**Data excerpts**:

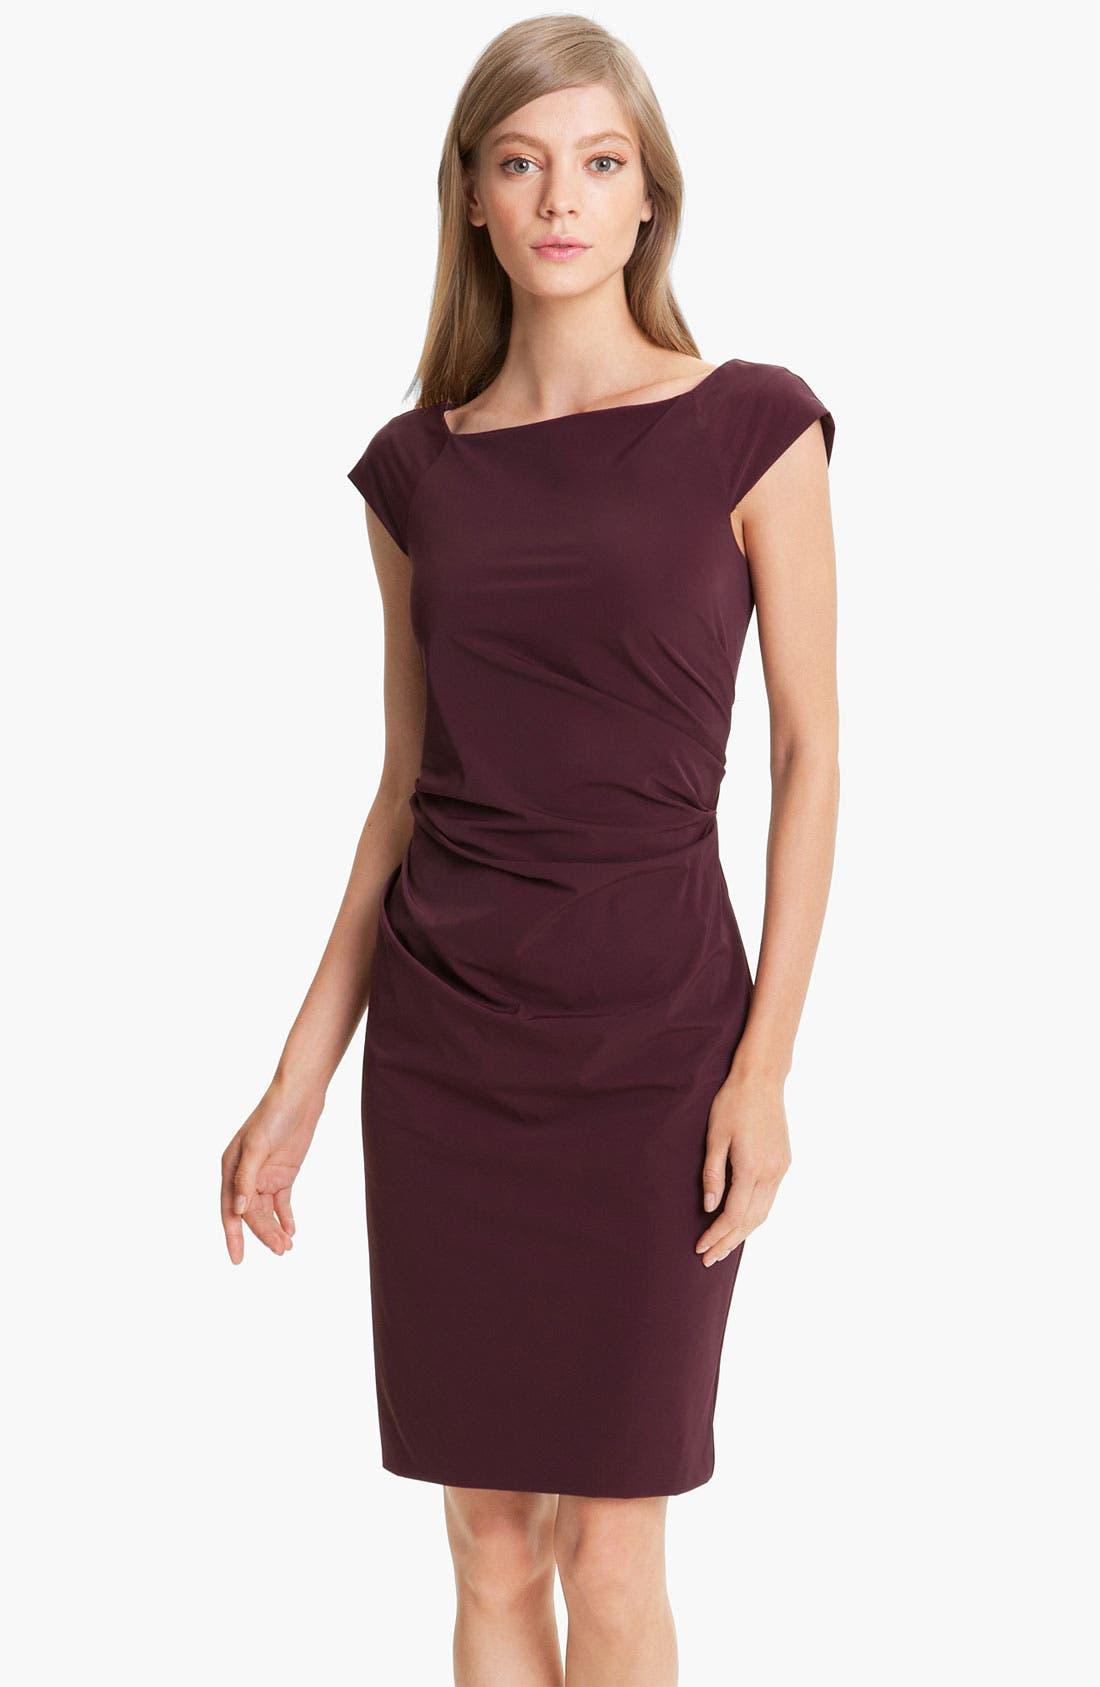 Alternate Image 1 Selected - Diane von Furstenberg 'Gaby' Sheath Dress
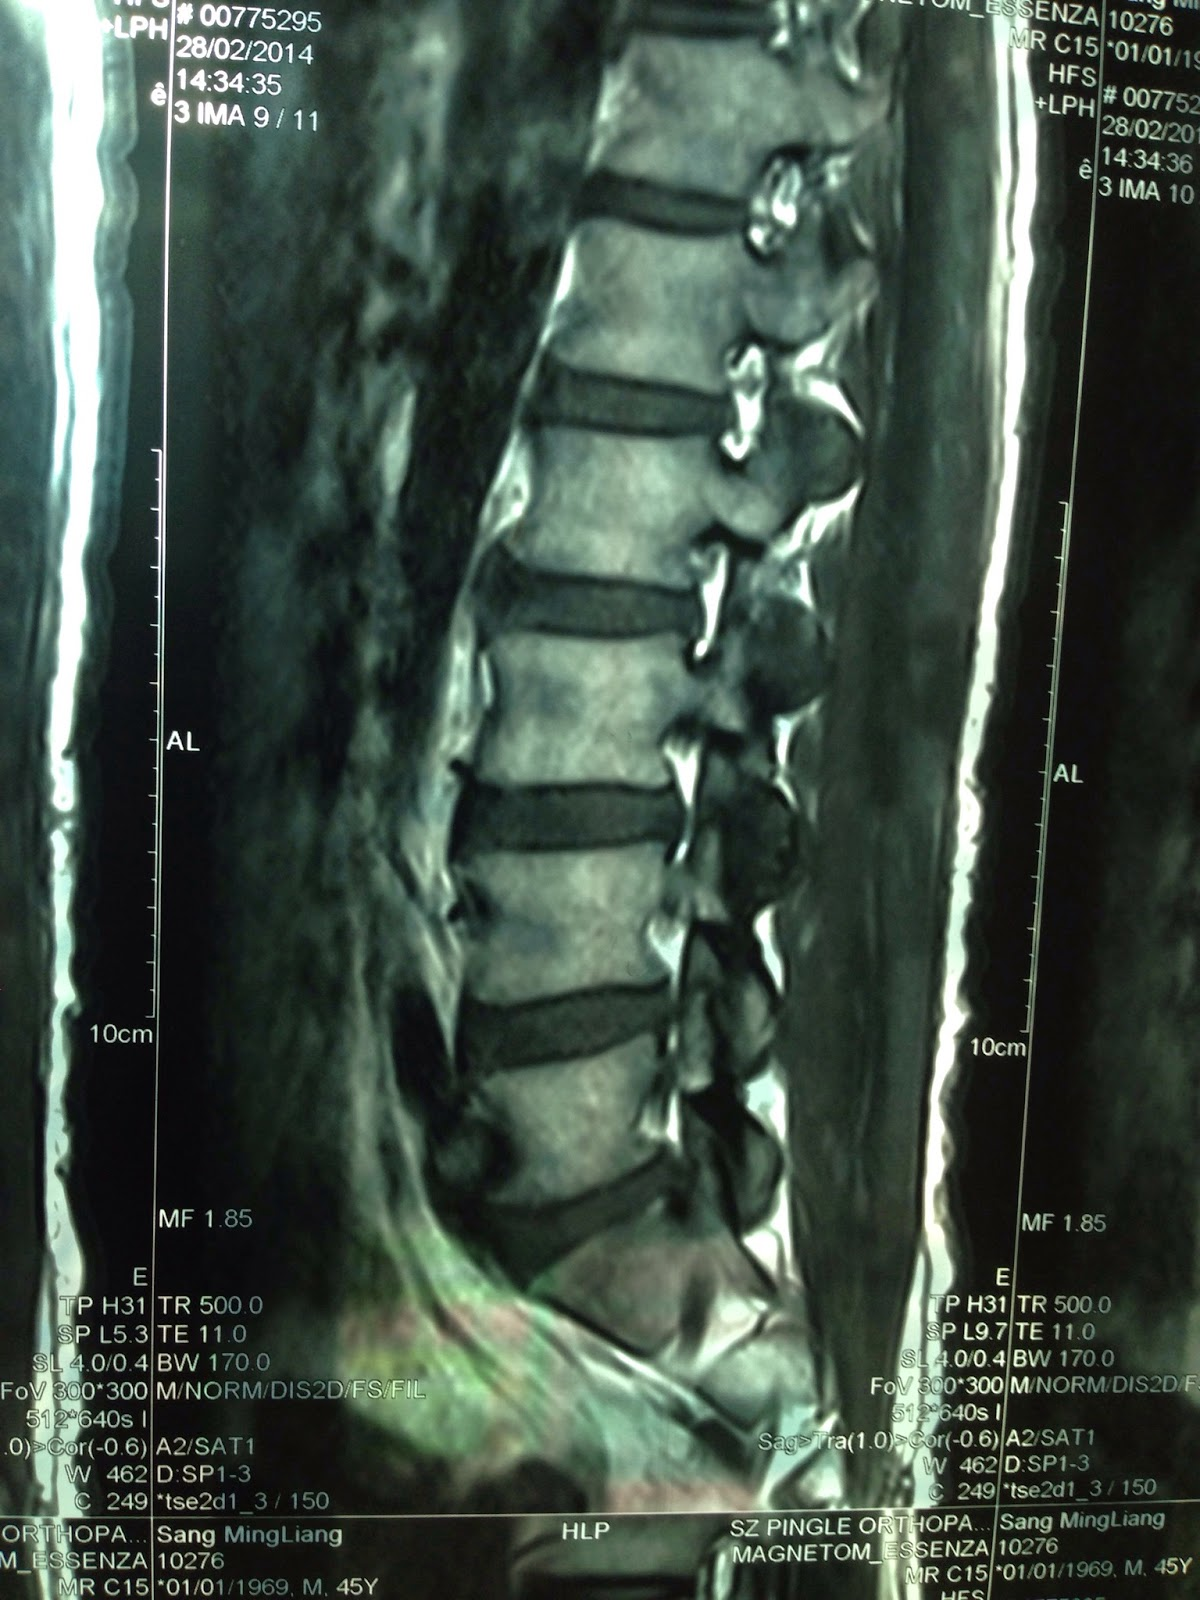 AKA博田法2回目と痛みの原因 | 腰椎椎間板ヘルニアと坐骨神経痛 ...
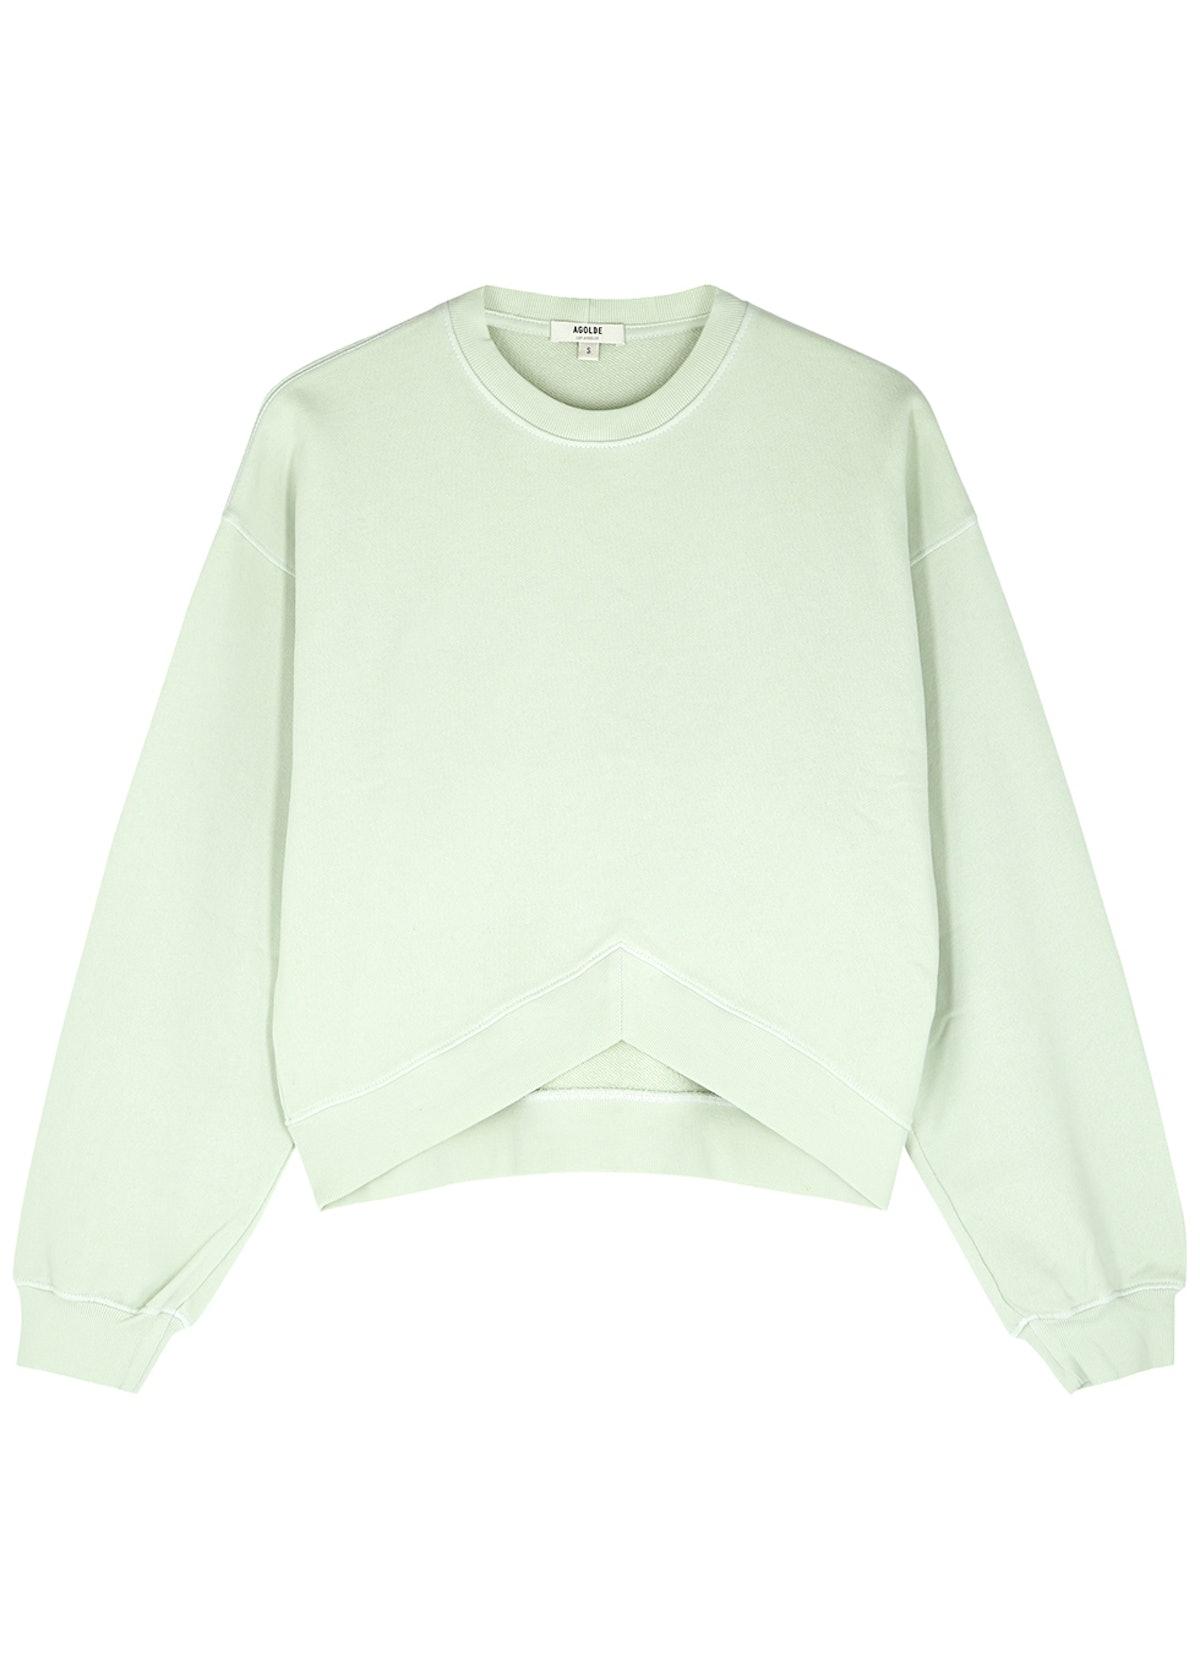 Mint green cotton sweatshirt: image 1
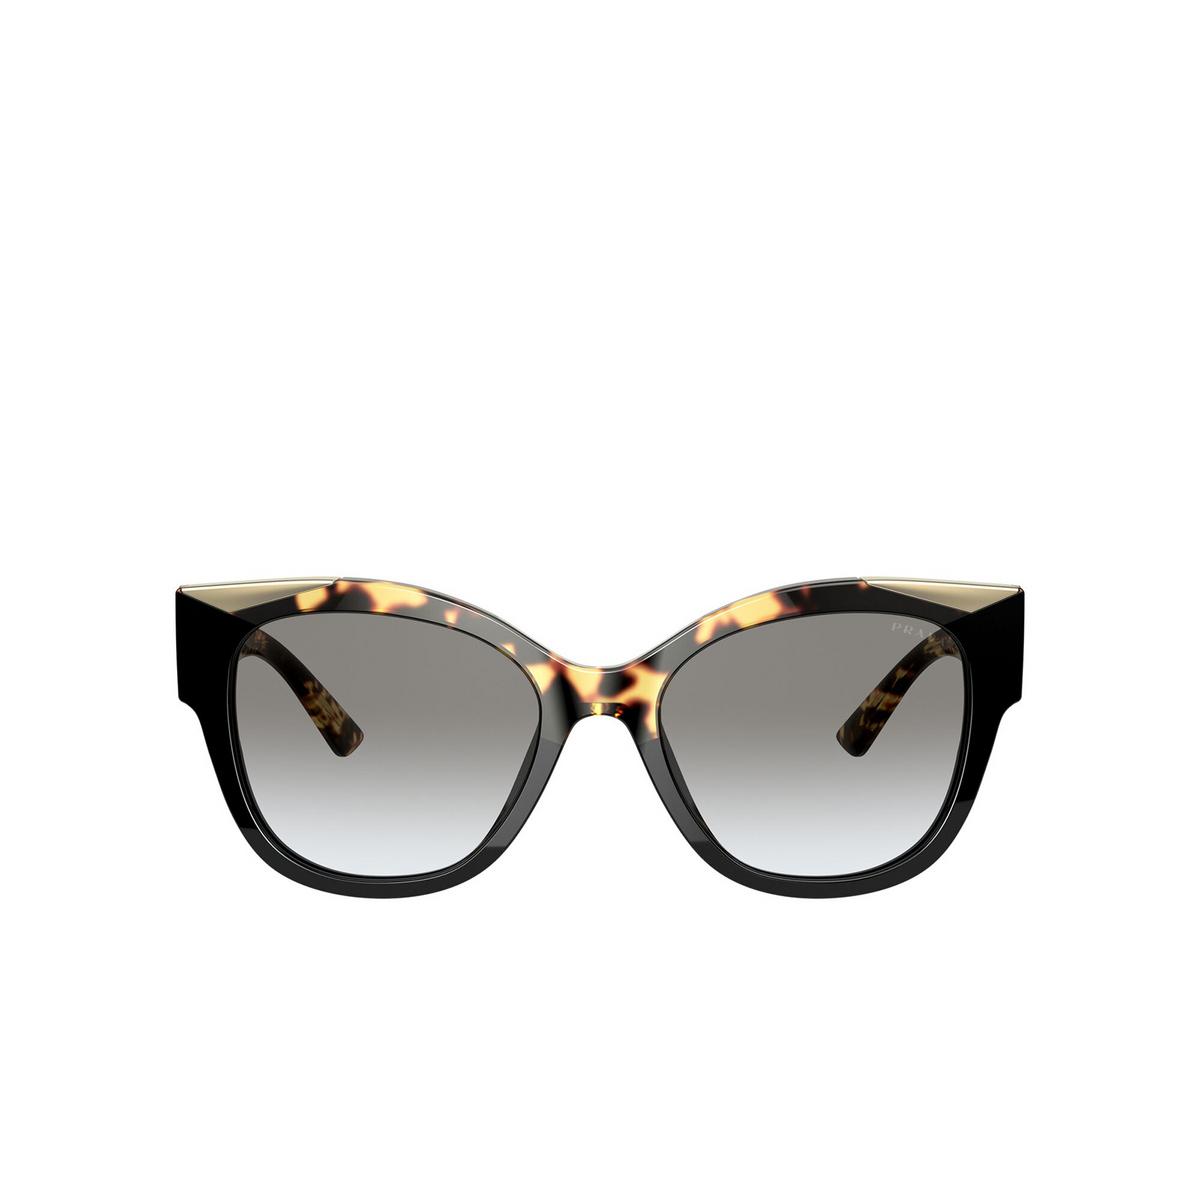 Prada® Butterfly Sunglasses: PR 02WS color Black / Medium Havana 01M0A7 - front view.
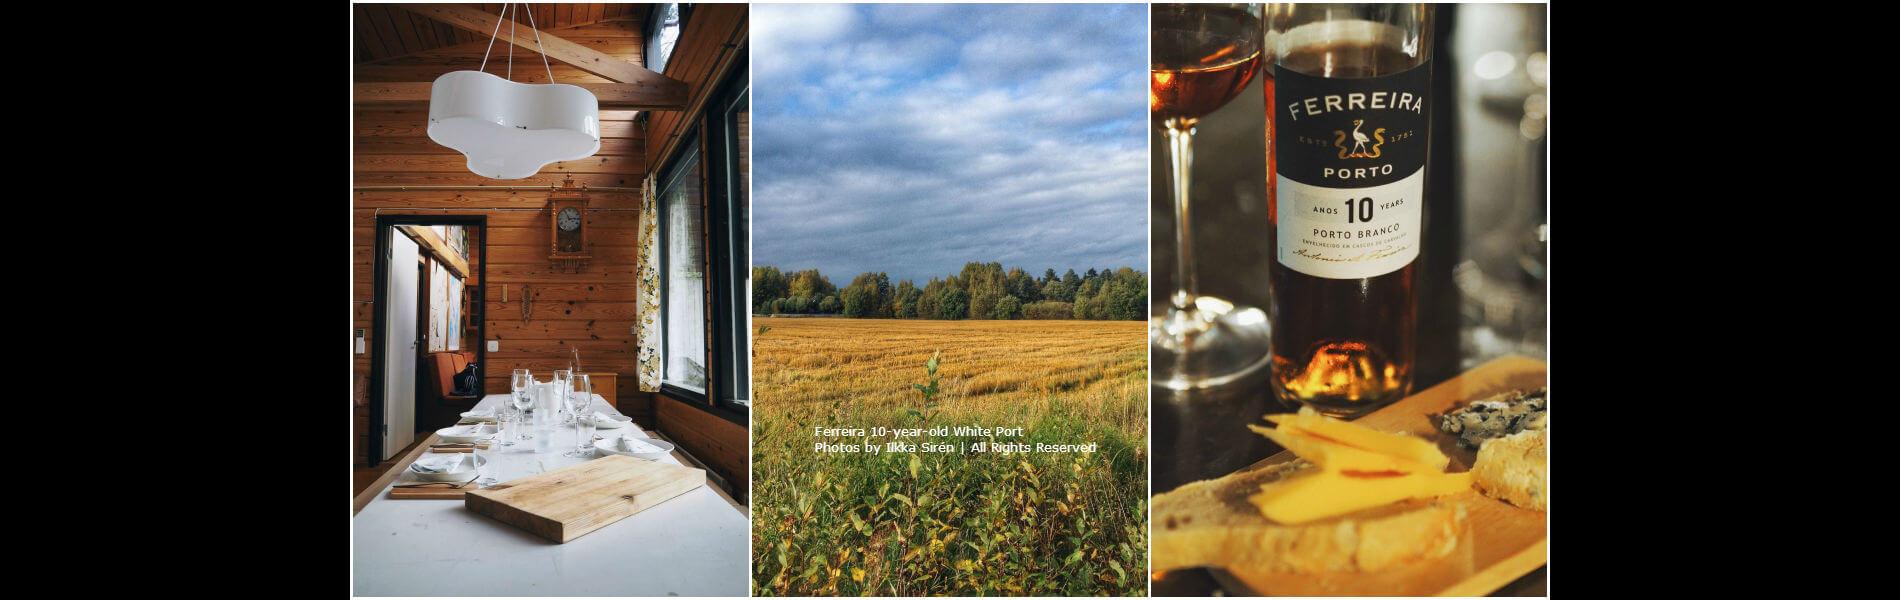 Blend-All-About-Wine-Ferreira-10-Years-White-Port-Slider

**ACTION ITEM**:
An exact reproduction of all the records is required, with no pictures included.

**SOLUTION TO THE PROBLEM**:
 Alternate Image 1 Selected - Diane von Furstenberg 'Gaby' Sheath Dress
 AKA博田法2回目と痛みの原因 | 腰椎椎間板ヘルニアと坐骨神経痛 ...
 Mint green cotton sweatshirt: image 1
 Prada® Butterfly Sunglasses: PR 02WS color Black / Medium Havana 01M0A7 - front view.
 Blend-All-About-Wine-Ferreira-10-Years-White-Port-Slider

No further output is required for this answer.